By Gameli Atakuma
When a mother delays treatment because she can’t afford the co-pay, when a farmer ignores chest pains to save for harvest season, when a retiree splits pills to make them last, our communities suffer invisible wounds. These aren’t isolated choices; they are the calculated sacrifices of millions of our citizens forced to gamble with their health against their livelihood. Today, our government declares this unacceptable. His Excellency the President John Dramani Mahama Free Primary Health Care Program initiative, introduced through the able leadership of our Honorable Minister of Health and the health Ministry and allied Ministries is not political rhetoric or campaign promises we will forget after election, but this is a transformative, evidence-based policy that will fundamentally change the health fortunes of our nation.
The Free Primary Healthcare Program is not merely a policy proposal. It is a national commitment to repair the torn social fabric that holds our neighborhoods, workforces, and families together. We recognize that a nation’s strength is measured not by its wealthiest citizens, but by how we protect our most vulnerable. This initiative will transform healthcare from a privilege of the few into a fundamental right of all Ghanaian.
Let me be unequivocal: Primary Health Care is the cornerstone of an effective and equitable health system and a critical pathway toward achieving universal health coverage.
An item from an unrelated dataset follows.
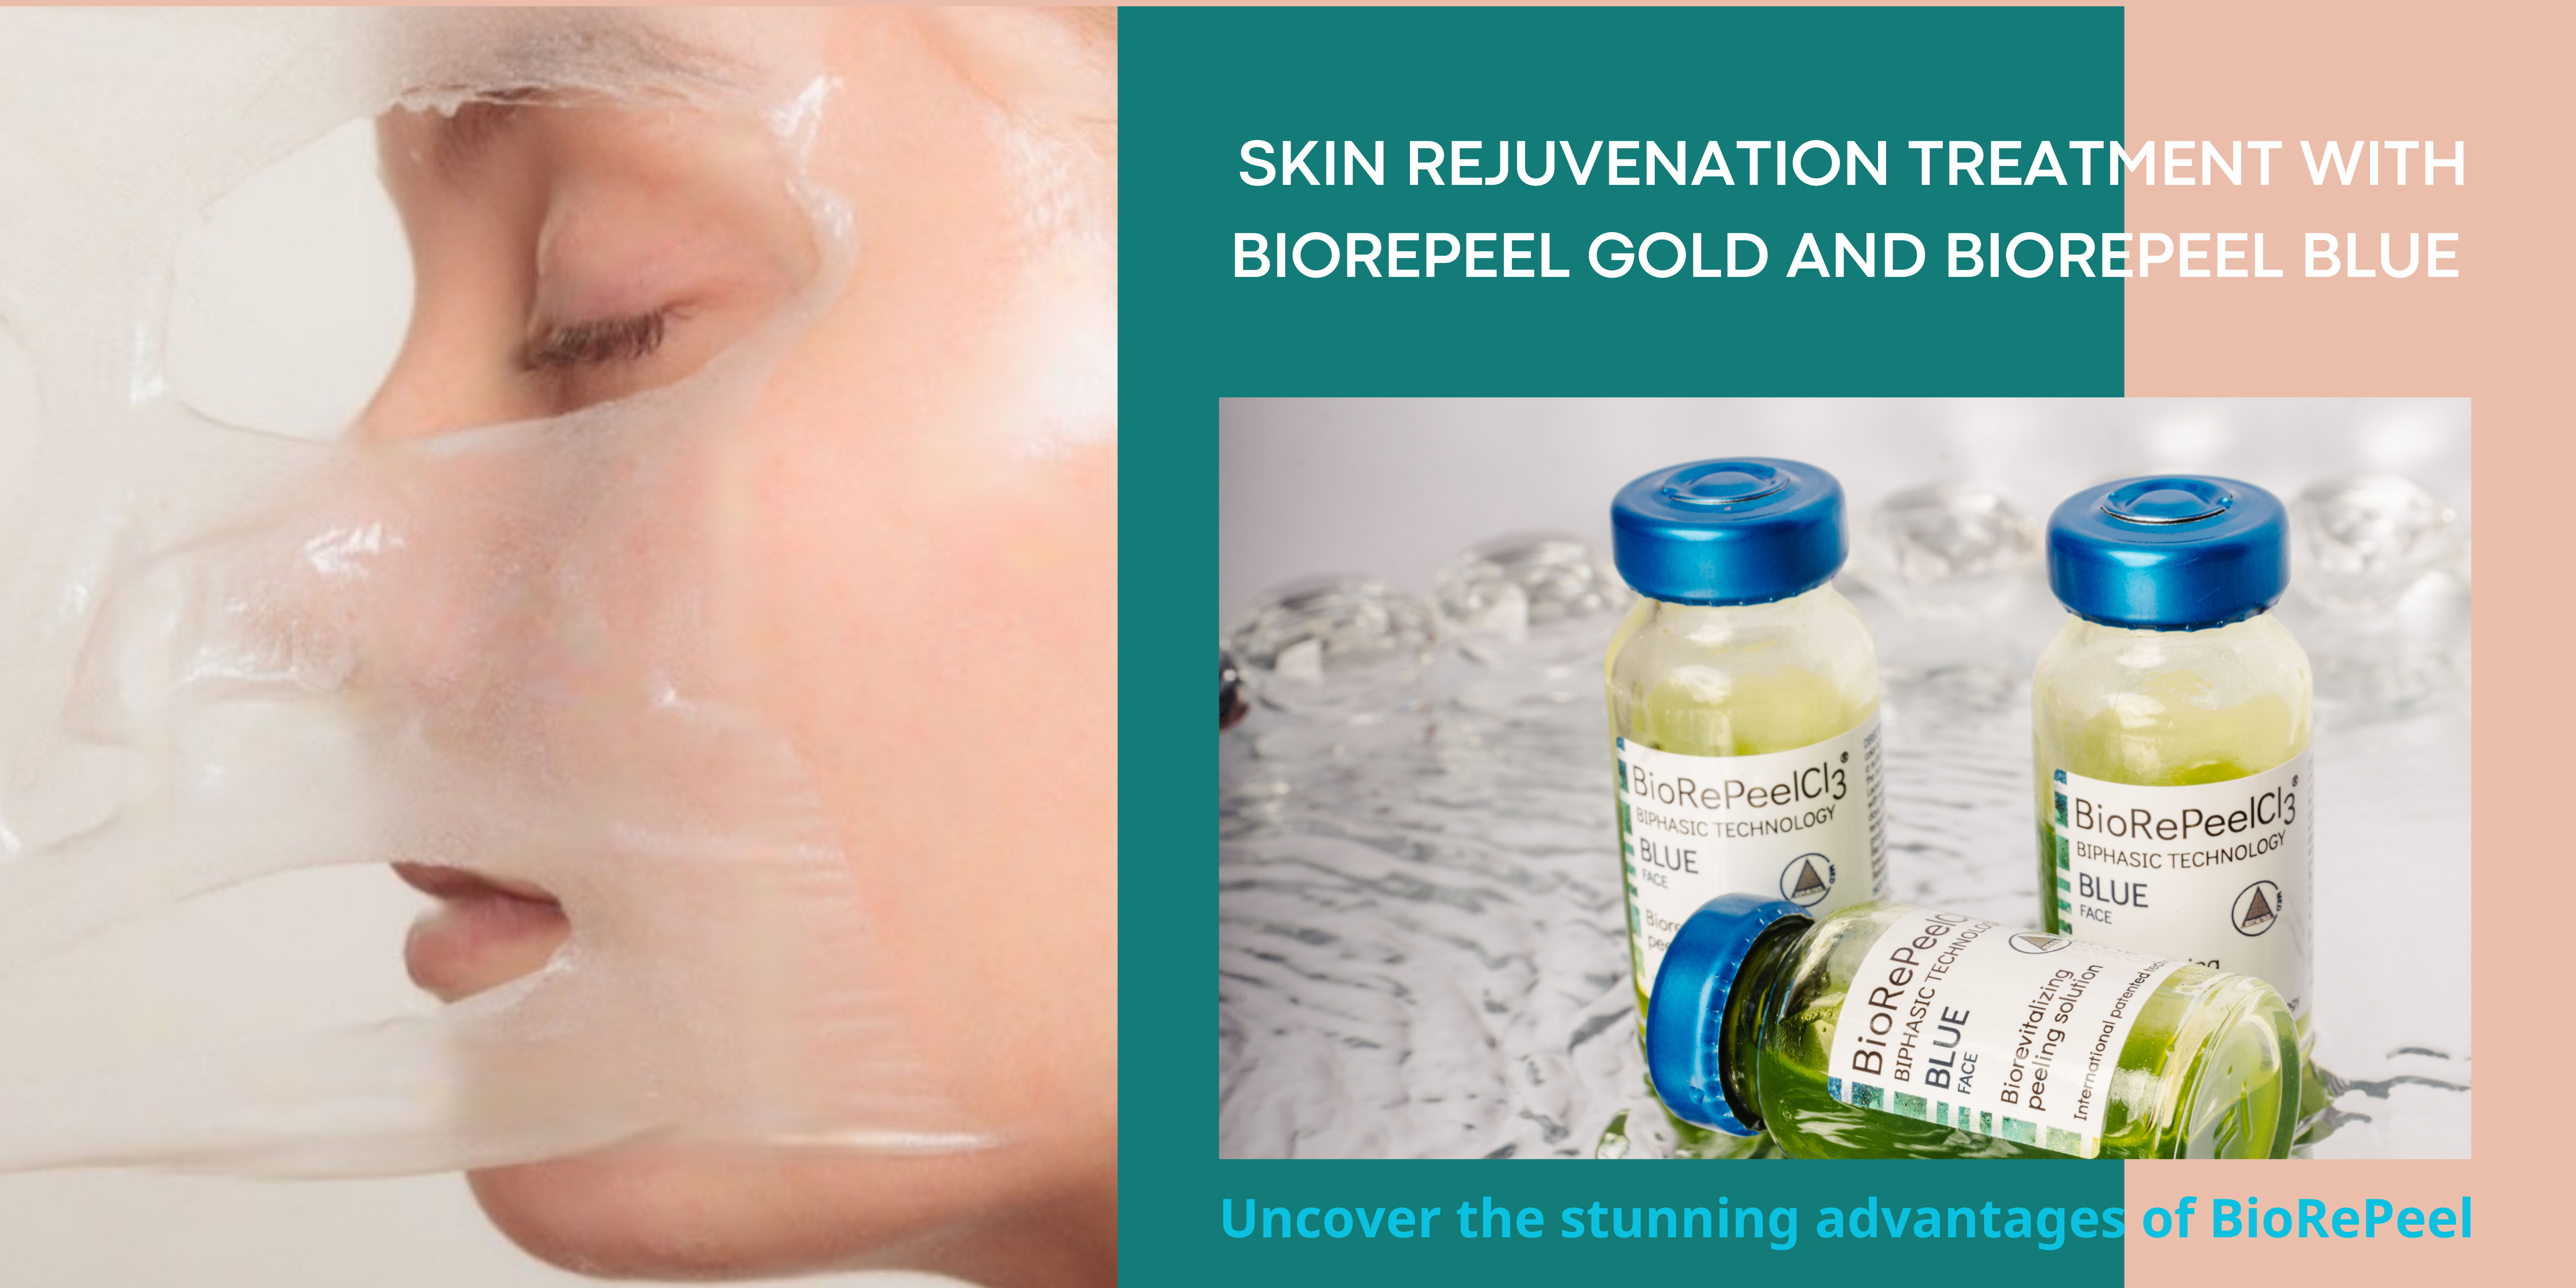 Featured image for “BioRePeel: The Ultimate Skin Rejuvenation Treatment”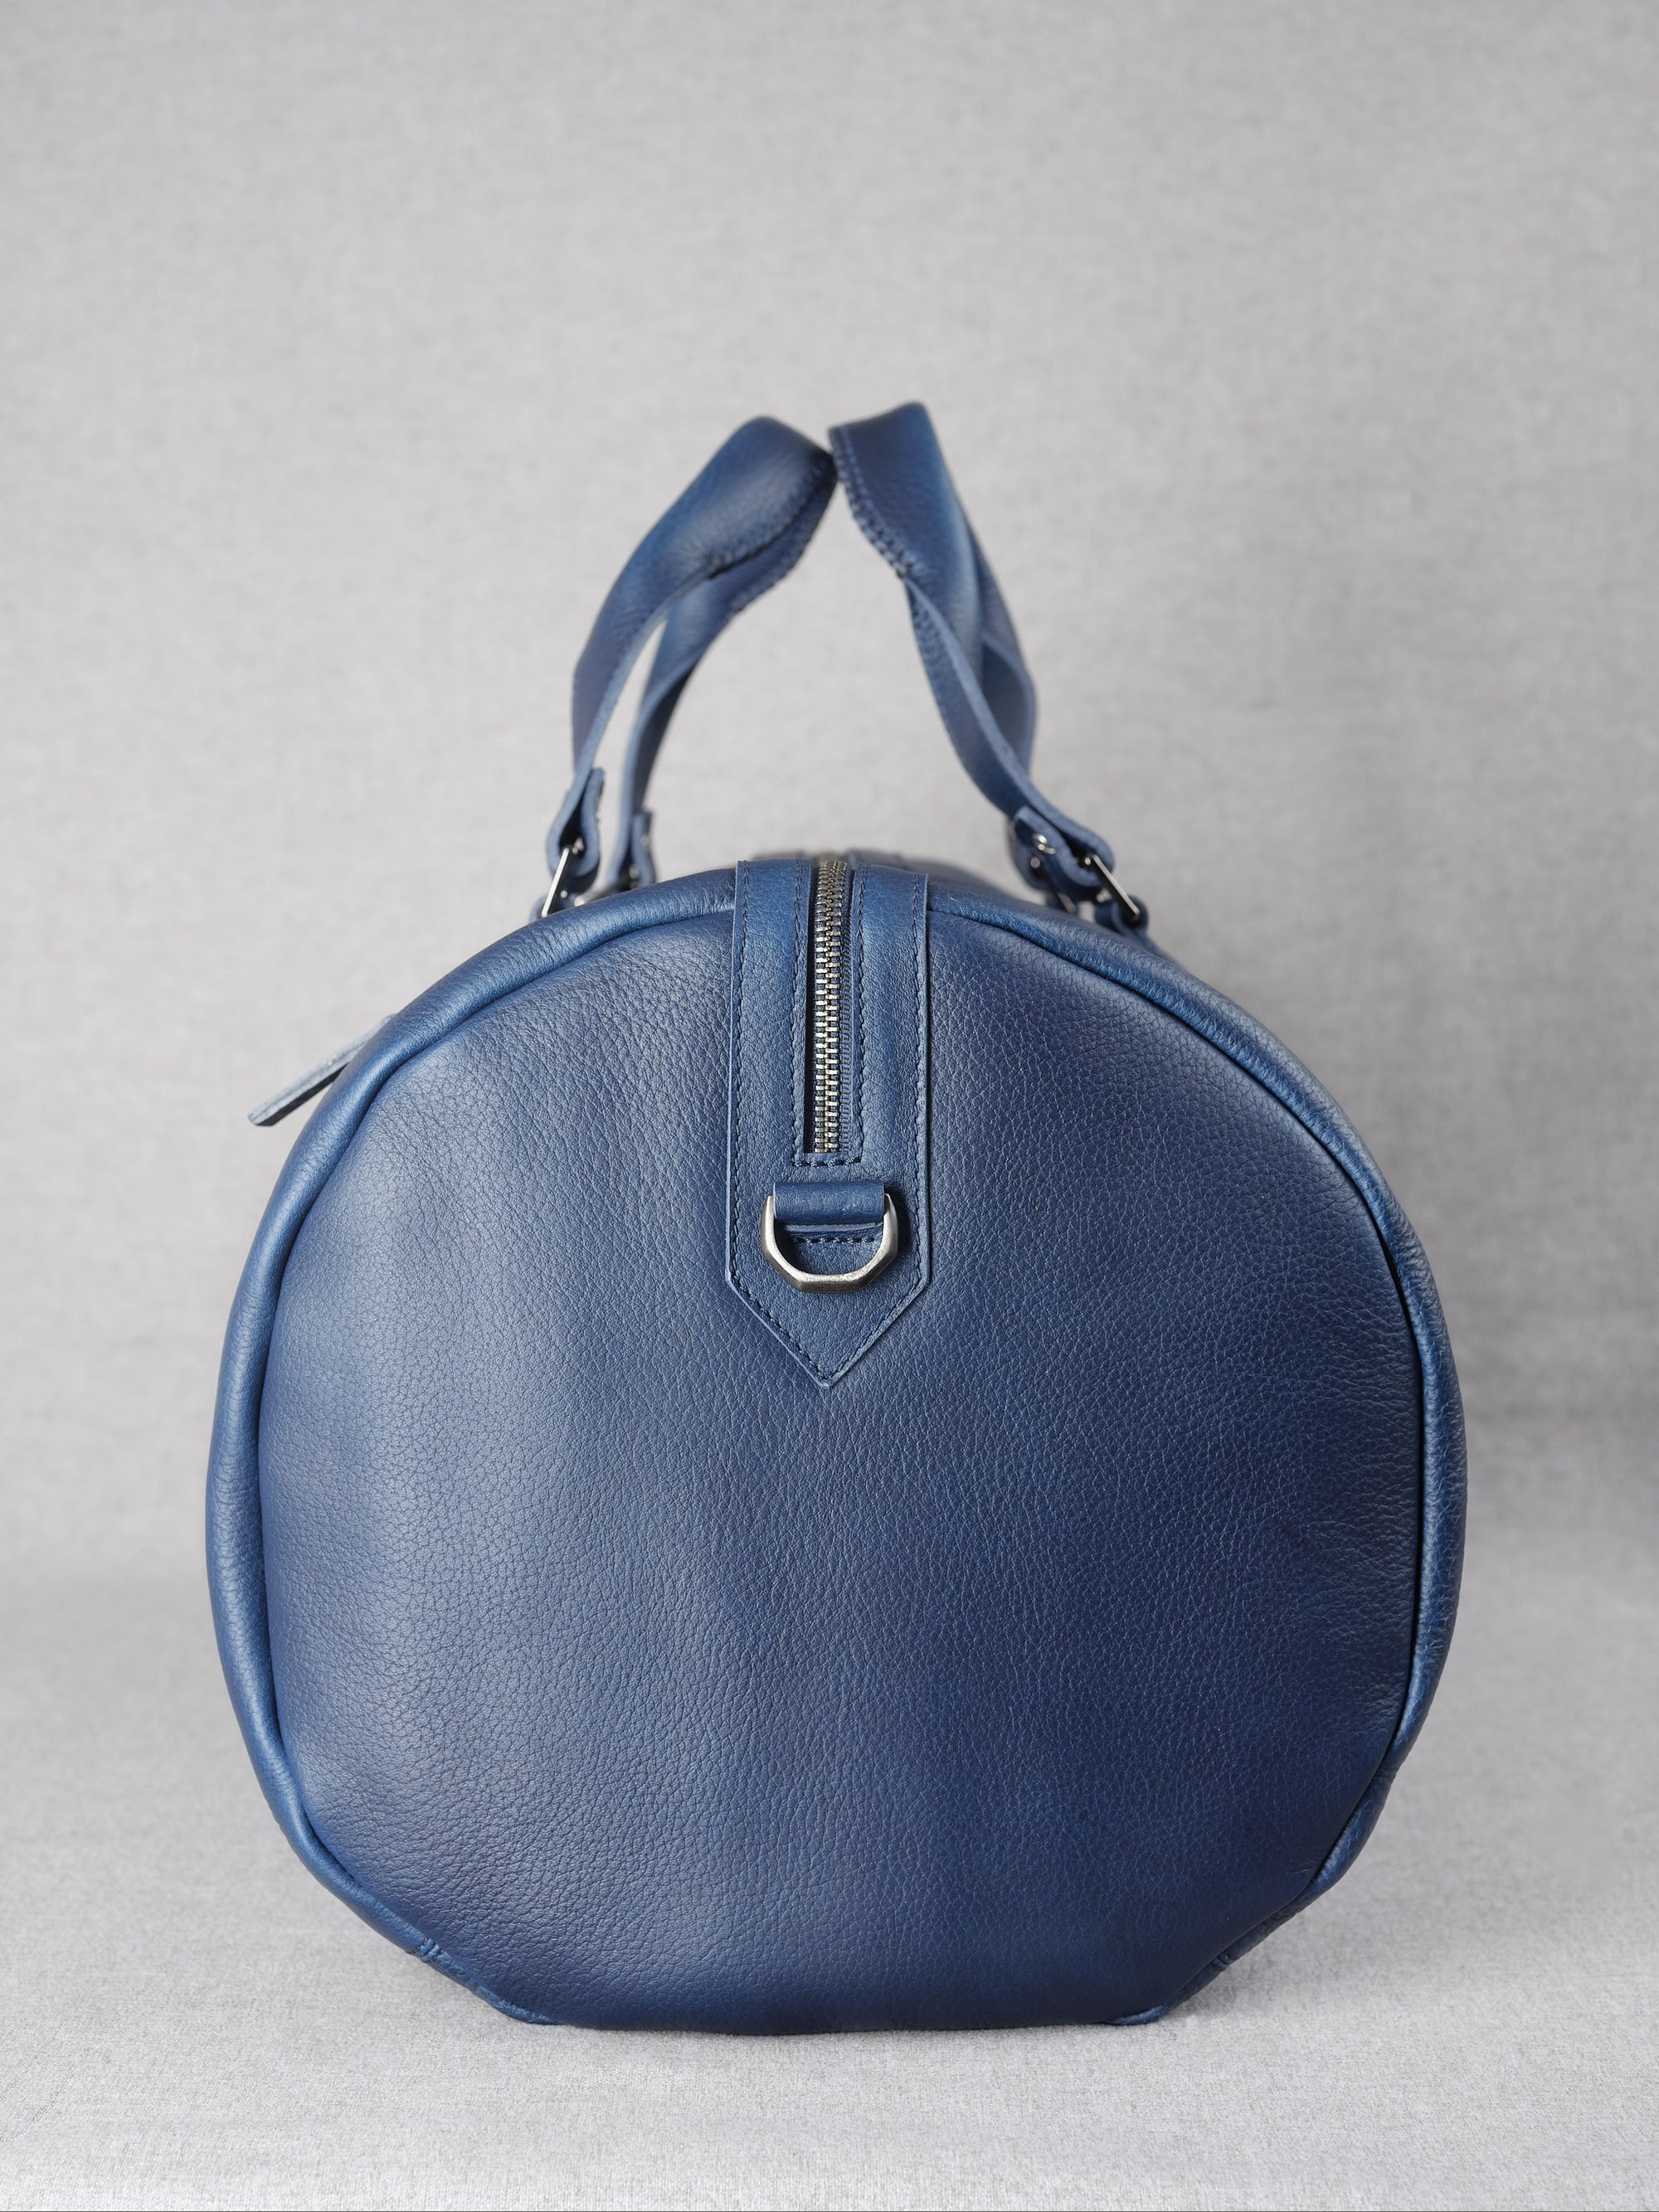 Divine proportion. Substantial Duffle Bag Navy by Capra Leather

This is not our invention; it is proven truth recognized by the World Health Organization and demonstrated in every country that has successfully built a robust healthcare system. When we examine nations with strong health outcomes i.e. Rwanda’s remarkable gains, Thailand’s universal coverage, even the UK and Canada’s renowned systems, we find one common denominator: they invested heavily in accessible, affordable primary healthcare as their foundation. The evidence is overwhelming: when people have access to quality primary healthcare, entire populations become healthier, healthcare costs decrease, economic productivity increases, and societies prosper. This is what our government, led by NDC is bringing to every Ghanaian through this initiative.
The fundamental logic of primary healthcare (PHC) is simple yet profound: routine health checks and healthy living guarantee a quicker and better response when one’s health condition gets critical. Every Ghanaian understands this principle with their vehicles; thus, you service your car regularly not because something is wrong, but to prevent breakdowns. You change the oil, check the tires, inspect the brakes to catch small problems before they become big disasters. If you apply this logic to your car, an inanimate machine that can be replaced, why would you not apply the same to your body, which is infinitely more valuable and the only one you will ever have? Yet millions of Ghanaians are forced to neglect their health not because they don’t understand the importance of early care, but because they cannot afford it.
Example, a mother with elevated blood pressure skips her check-up because she needs money for school fees, and six months later she suffers a stroke that leaves her paralyzed. A father ignores persistent fatigue because he cannot afford to miss work for a clinic visit, and when he finally collapses, his diabetes has damaged his kidneys beyond repair. A young woman delays seeking care for a breast lump due to cost fears, and by the time she reaches the hospital, her cancer has spread beyond cure. These are not hypothetical scenarios; these tragedies happen daily in Ghanaian homes. Every single one could have been prevented with accessible, affordable primary healthcare.
When you can visit a health facility for regular check-ups without worrying about cost, high blood pressure is detected and managed before it causes a stroke; diabetes is identified and controlled before it destroys your organs; cancers are caught early when they can still be cured; childhood illnesses are prevented through timely vaccinations; malnutrition is spotted before a child’s development is permanently affected; and pregnant women receive monitoring that saves both maternal and infant lives. This is the power of primary healthcare and its free now, it catches problems early when they are small, manageable, and inexpensive to treat, rather than waiting until they become catastrophic, difficult to manage, and ruinously expensive emergencies. The day when we say “I’ll wait until it gets worse because I cannot afford the clinic today, will be no more.
Beyond individual health outcomes, the same principle applies to better referral systems and less stress and usage on health systems that are meant to handle acute referrals. Our major hospitals Korle-Bu, Komfo Anokye, Ridge Hospital and the likes are overwhelmed today because our health system operates upside down. People bypass primary care entirely, ignore minor symptoms until they become major emergencies, then rush to teaching hospitals with conditions that could have been managed at a community health center.
A mother whose child has a simple fever travel to Korle-Bu instead of her local CHPS compound. A man with chest pain drives three hours to the regional hospital when a nearby health worker could have identified his hypertension, provided medication, and possibly prevented the heart attack altogether. This misuse creates a vicious cycle: primary facilities remain underutilized while teaching hospitals are overwhelmed; patients needing basic care receive expensive, specialized care inappropriate for their conditions; patients needing specialized care cannot access it because specialists are dealing with cases that should never have reached them; healthcare costs spiral; quality deteriorates for everyone; and healthcare workers become demoralized and exhausted.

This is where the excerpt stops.